Вообще самое трудное — это сопровождать. Ведущий группы отвечает за свои истребители и за прикрываемую группу. А еще надо смотреть, чтобы самому на тот свет не отправиться. У меня 450 с лишним боевых вылетов. 120 воздушных боев. Меня спрашивают: а что ты сбил так мало? У меня ж за всю войну только 12 лично сбитых самолетов и 2 в группе. А как иначе? Мало того, что в основном вел оборонительные бои, не подпуская истребителей противника к сопровождаемым, так еще смотрел, организовывал, командовал. Тут уже не до личного счета, а когда в группе сбивали, я себе не брал.

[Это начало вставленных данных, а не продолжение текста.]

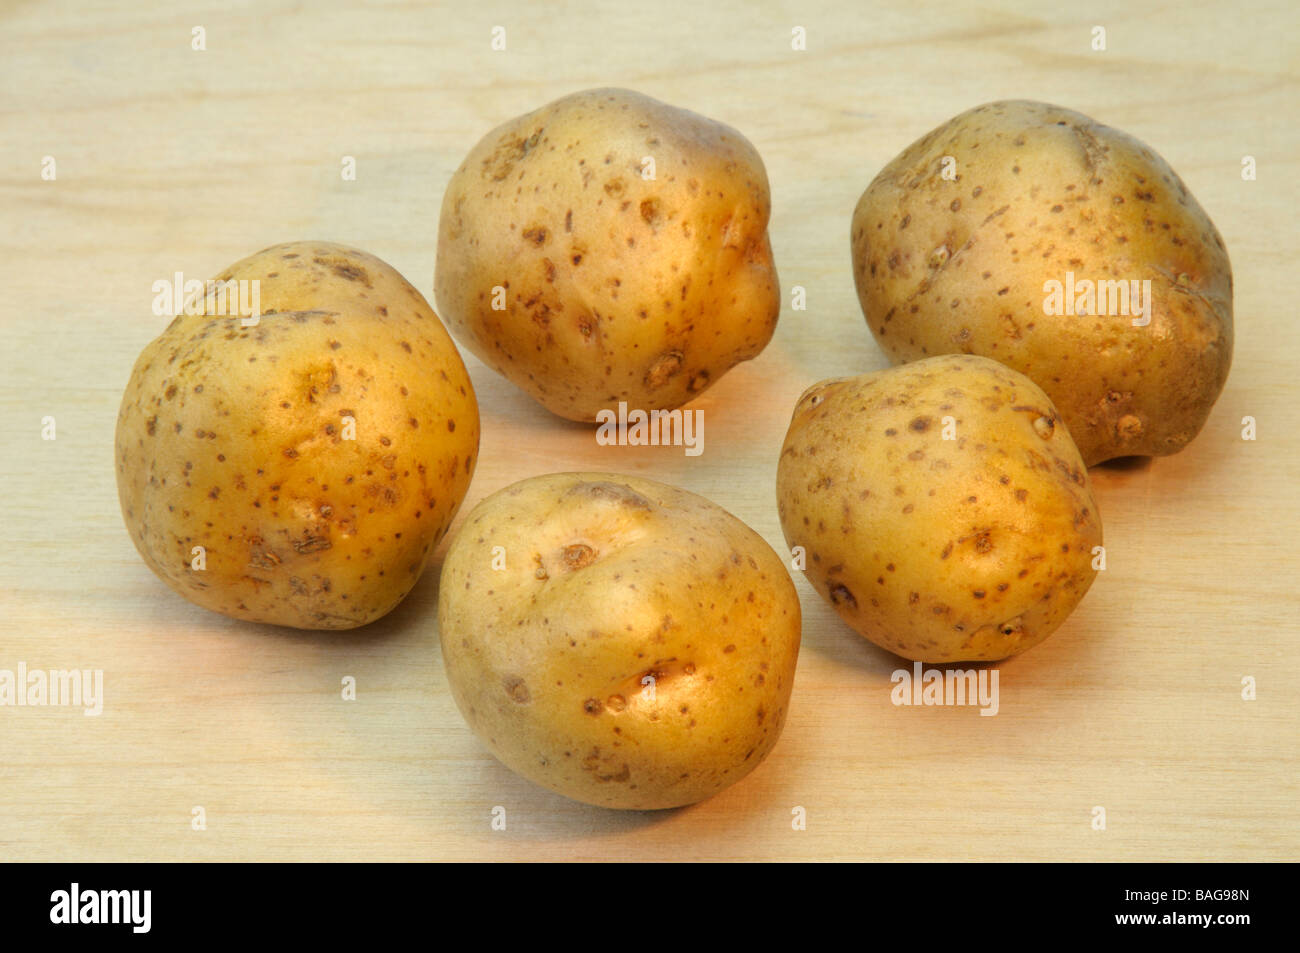 Potato (Solanum tuberosum), variety: La Bonnotte, studio picture Stock Photo

Короче говоря, довоевались мы до того, что еле ноги унесли из этой Двоевки, когда немцы прорвали фронт в октябре 1941-го. Мы сидели в самолетах и ждали команду на вылет. А связи нет. Командир полка ходит нервничает. Потом принял ответственность на себя и дал команду взлет. Я взлетаю, вправо посмотрел — бог ты мой! Идет колонна немецких танков! Еще бы полчаса — и мы бы там и остались. Сели в Кубинке, дозаправились и сразу дежурить. Тогда я и сбил единственного в своей боевой практике разведчика. Взлетели, помню, была кучевая облачность. И ушли в зону, где должны были прикрывать. Смотрю, вываливается самолет. Был у немцев изумительный самолет-разведчик «Доронье-217». Я по нему весь боекомплект выпустил. Две отменные очереди дал. Сбил я его или нет, не знаю. Сажусь. Меня все поздравляют. Оказывается, сбил его. После этого замполит и командир дивизии ПВО, которая оставалась в Кубинке, уговаривали меня, чтобы я перешел к ним. Но я отказался, остался в своем полку.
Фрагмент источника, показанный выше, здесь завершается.